As is shown in FIG. 9, the idler shaft 22 comprises a center shaft portion 22a about which the bearing unit 24 is arranged, a smaller diameter end portion 22b which coaxially extends from one end of the center shaft portion 22a, a larger diameter discal end portion 22c which coaxially extends from the other end of the center shaft portion 22a and a sectoral block portion 22f which extends from the discal end portion 22c. As shown, the sectoral block portion 22f has a cylindrical outer surface 22d which is flush with a peripheral cylindrical surface of the discal end portion 22c. The sectoral block portion 22f is formed at the cylindrical surface 22d with a threaded bolt hole 22e.
As is shown in FIG. 8, an end wall 2b of the transmission case 2 is formed at its inner surface with a smaller circular recess 2c into which the smaller diameter end portion 22b of the idler shaft 22 is tightly received. A side wall 2d of the transmission case 2 is formed at its inner surface with a concave part 2d.sub.1 with which the cylindrical outer surface 22d of the idler shaft 22 intimately engages. The side wall 2d is formed at the concave part 2d.sub.1 with a bolt opening 28 through which a threaded bolt 30 inserts into and engages with the threaded bolt hole 22e of the idler shaft 22. As is mentioned hereinabove, the reverse idler gear 20 is rotatably disposed on the idler shaft 22 through the bearing unit 24. A washer 26 is disposed on the smaller diameter end portion 22b to operatively hold both the reverse idler gear 20 and the bearing unit 24 on the idler shaft 22.

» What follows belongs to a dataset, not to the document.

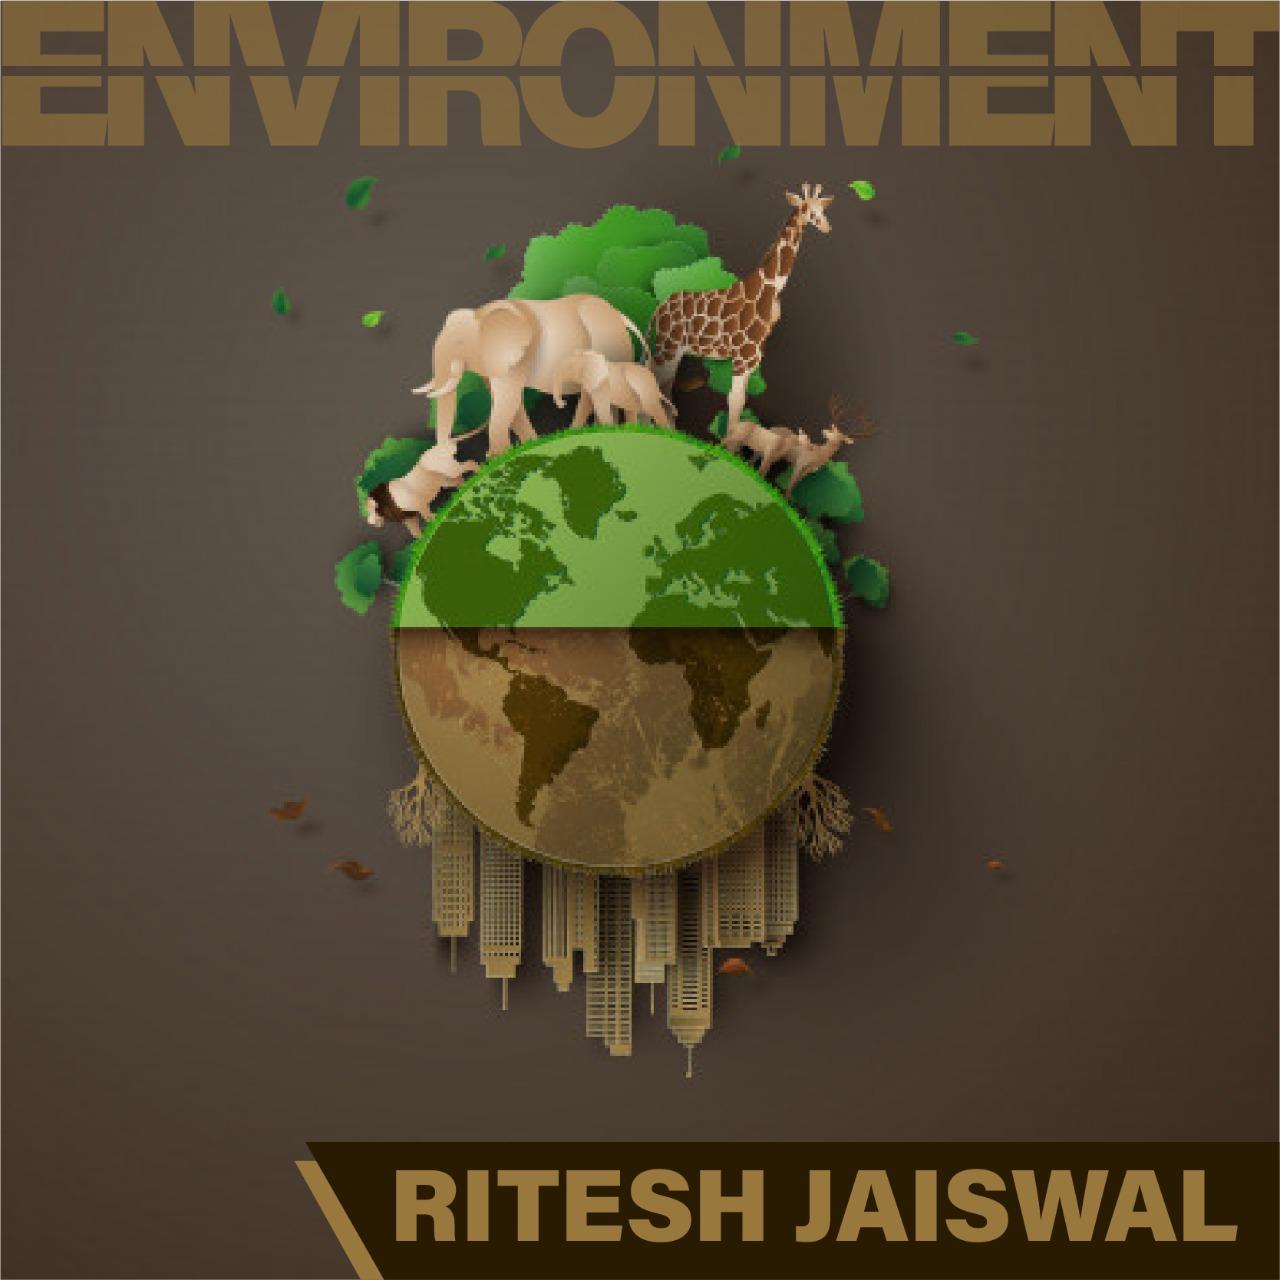 Ritesh Jaiswal - ECOLOGY & ENVIRONMENT

Although not well shown in FIG. 8, the side wall 2d of the transmission case 2 is further formed near the concave part 2d.sub.1 with a parts-inserting opening whose axial length is denoted by reference "L.sub.1 " in the drawing. The axial length "L.sub.1 " is greater than the axial length of the idler shaft 22.
For mounting the reverse idler gear 20 to a right position in the transmission case 2, the following steps are taken.

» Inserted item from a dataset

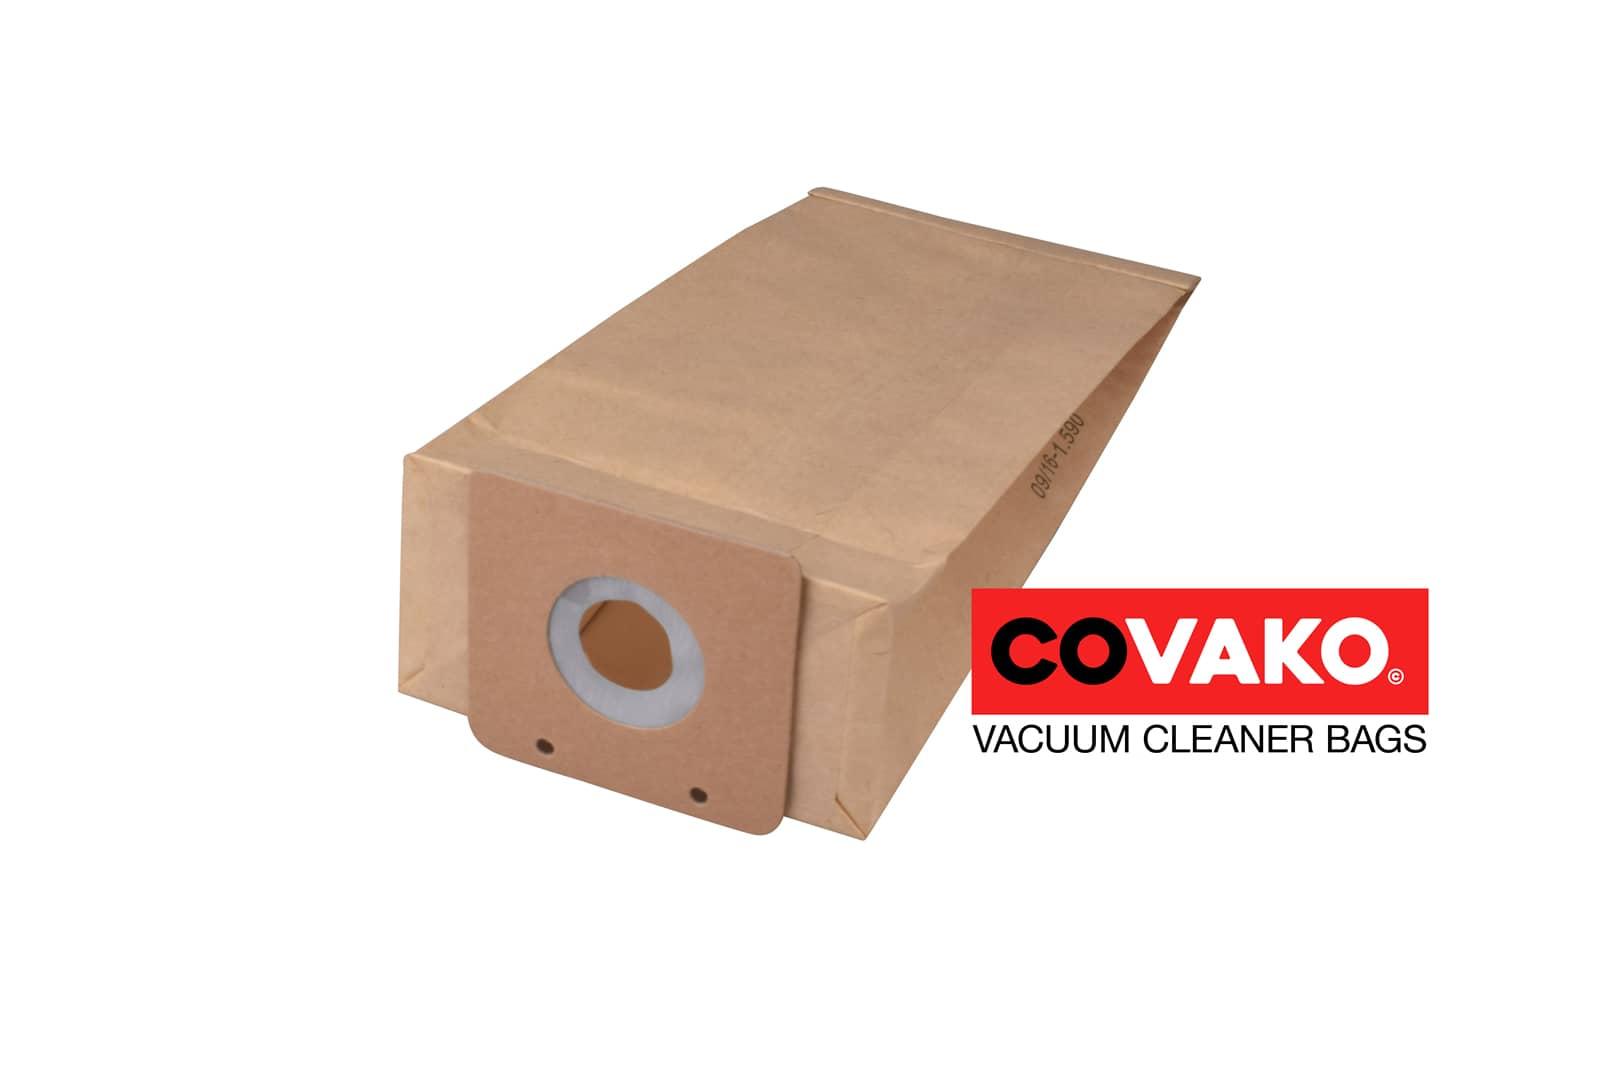 Kärcher T 7/1 / Paper - Kärcher vacuum cleaner bags

First, at open space, a semi-assembled unit is prepared. That is, the bearing unit 24, the washer 26 and the reverse idler gear 20 are attached to the idler shaft 22 to constitute the semi-assembled unit. Then, the semi-assembled unit is inserted into the transmission case 2 through the parts-inserting opening of the same. Then, the semi-assembled unit is manually set, so that the smaller diameter end portion 22b of the idler shaft 22 is put in the recess 2c of the end wall 2b and the cylindrical outer surface 22d of the sectoral block portion 22f of the idler shaft 22 is intimately mated with the concave part 2d.sub.1 of the side wall 2d. After registering the threaded bolt hole 22e of the sectoral block portion 22f with the bolt opening 28 of the side wall 2d, the threaded bolt 30 is inserted into the registered holes and engaged with the threaded bolt hole 22e. With this, the semi-assembled unit is tightly held in the transmission case 2 as is shown in FIG. 8. Upon assemblage of the unit, the reverse idler gear 20 is arranged between the reverse input gear 6f and the reverse main gear 10f while properly meshing with them.

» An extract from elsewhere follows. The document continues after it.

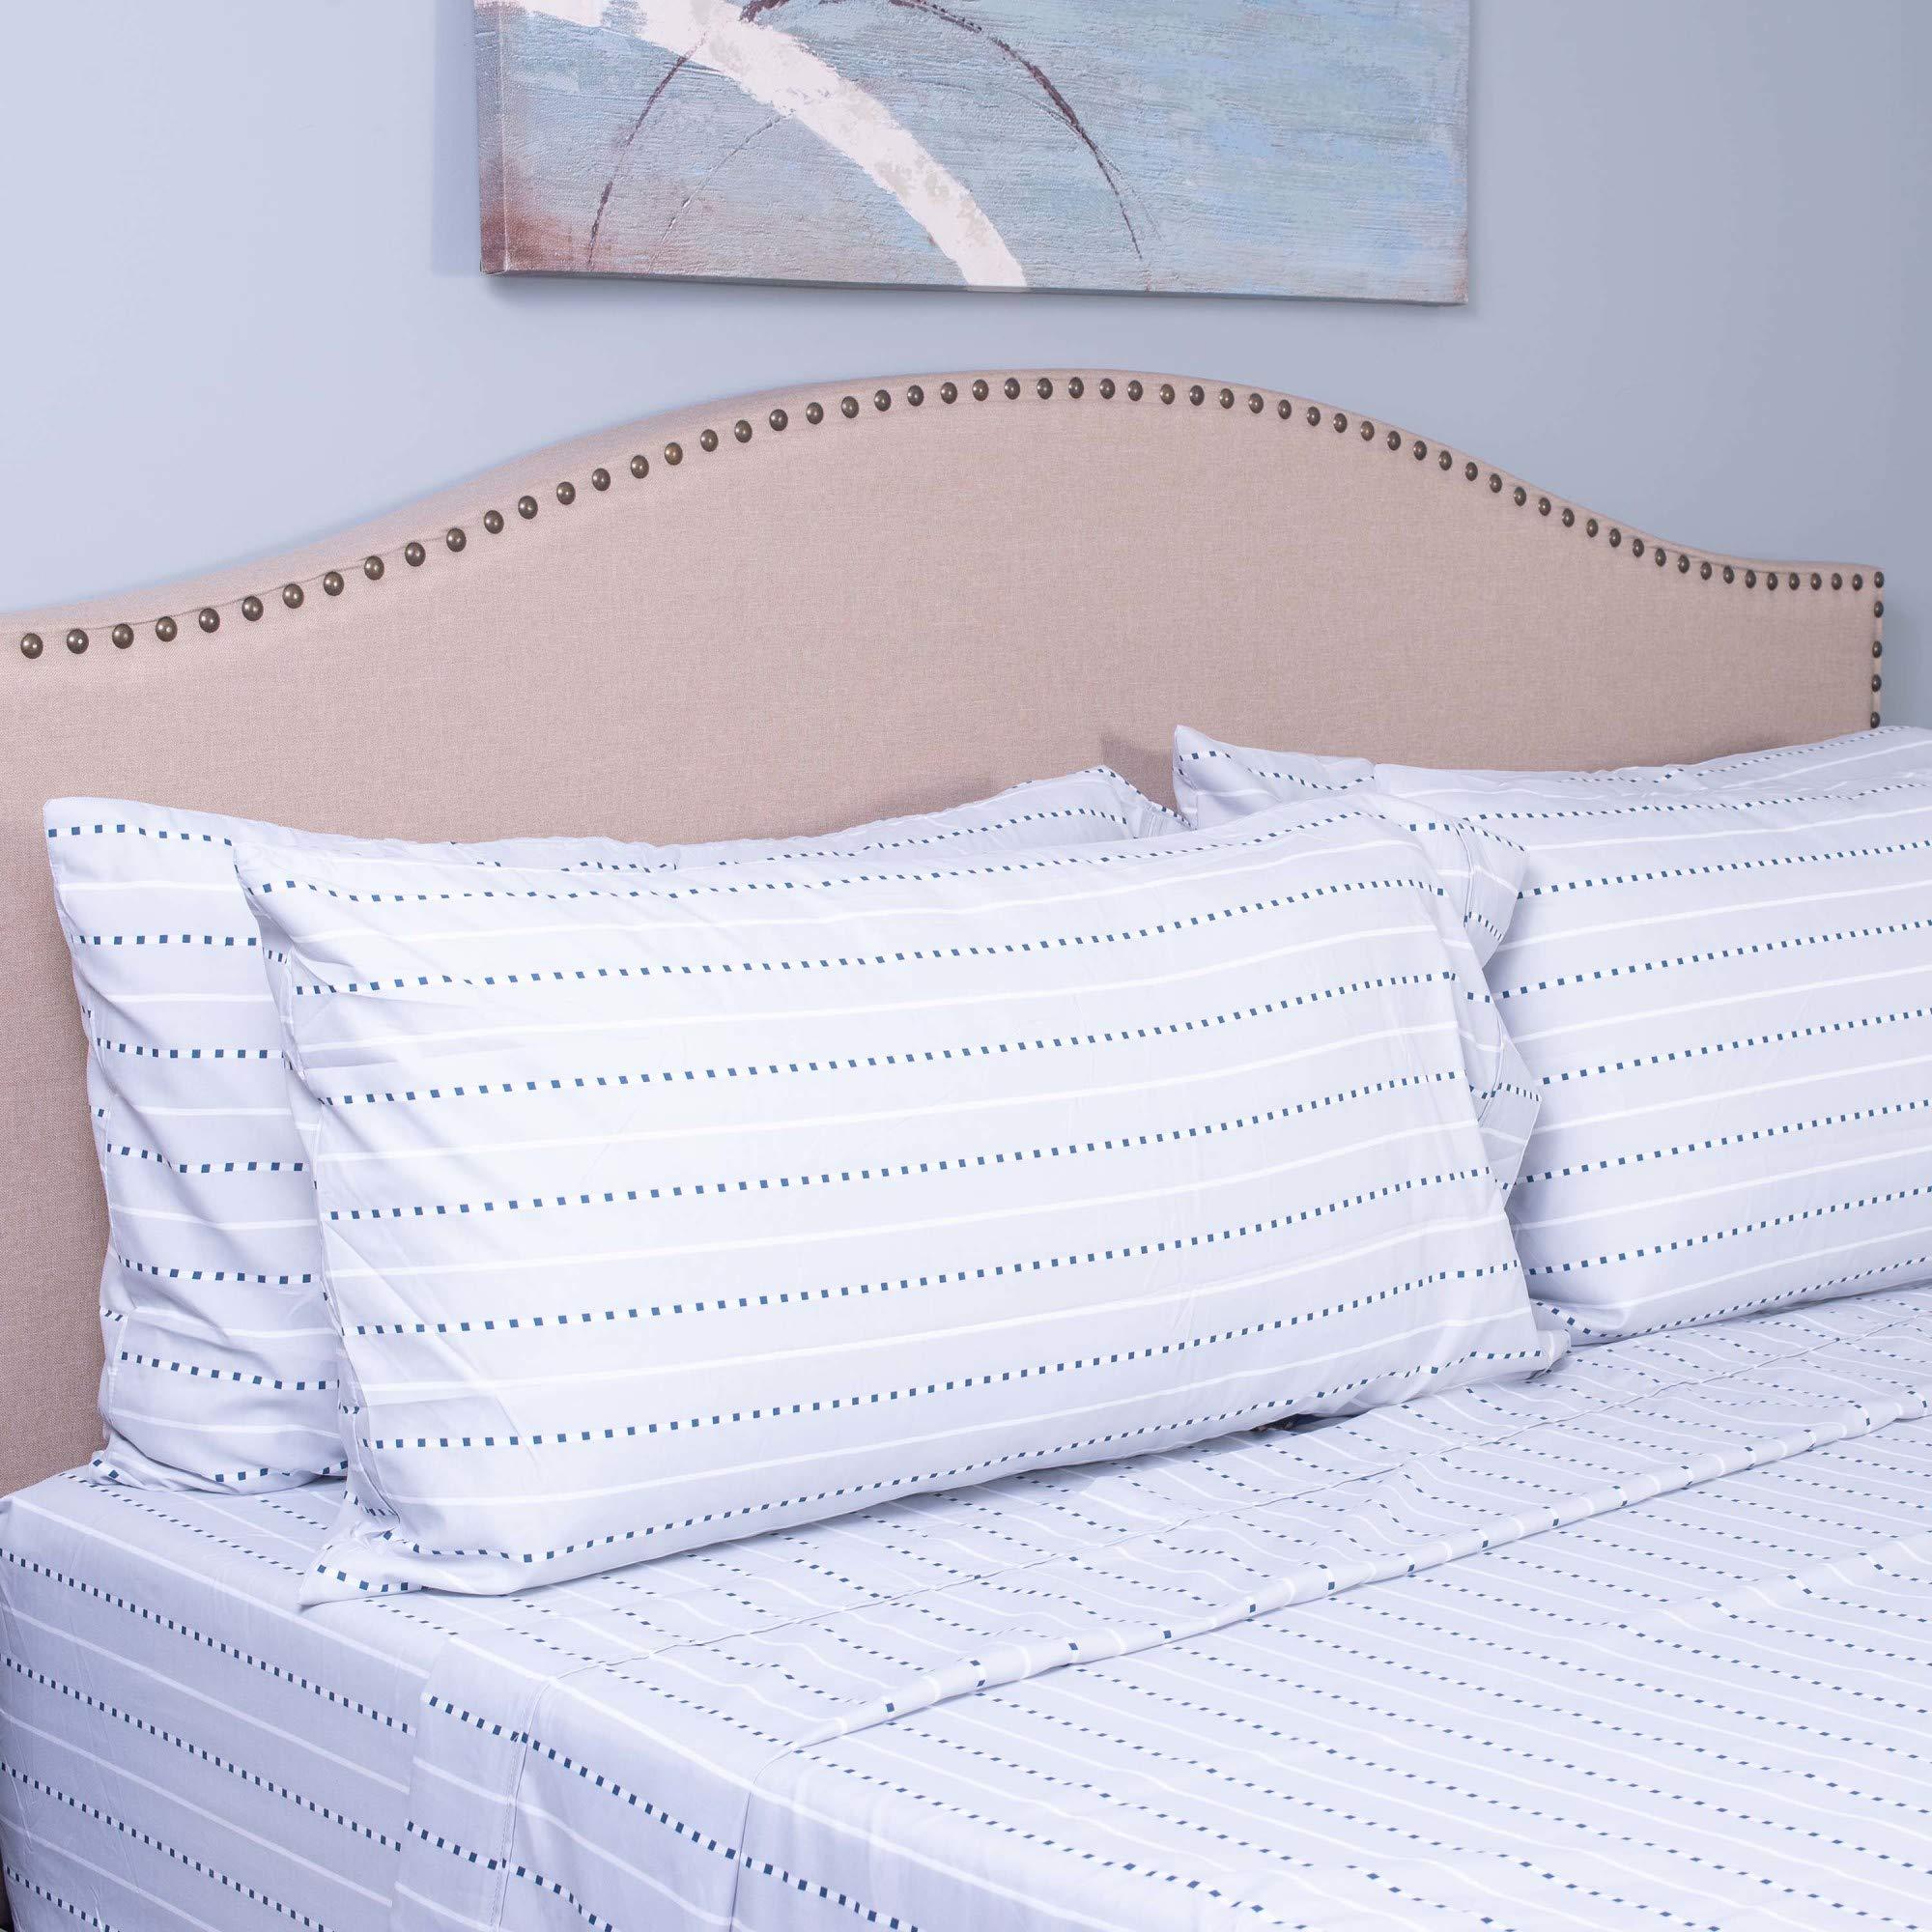 IZOD Sperry Stripe Sheet Set, Queen, Light Grey

However, due to its inherent construction, the above-mentioned reverse idler gear mounting structure has failed to satisfy the users because of the following reasons.
First, due to the complicated shape of the idler shaft 22 (see FIG. 9), production of it needs a highly precise and time-consumed machining work, which inevitably induces increased cost of the shaft 22, and thus, that of the entire of the reverse idler gear mounting structure.
Second, it is difficult or at least troublesome to insert the semi-assembled unit into the right position in the transmission case 2 through the parts-inserting opening. In fact, the parts insertion work by using only one parts-inserting opening has its limit.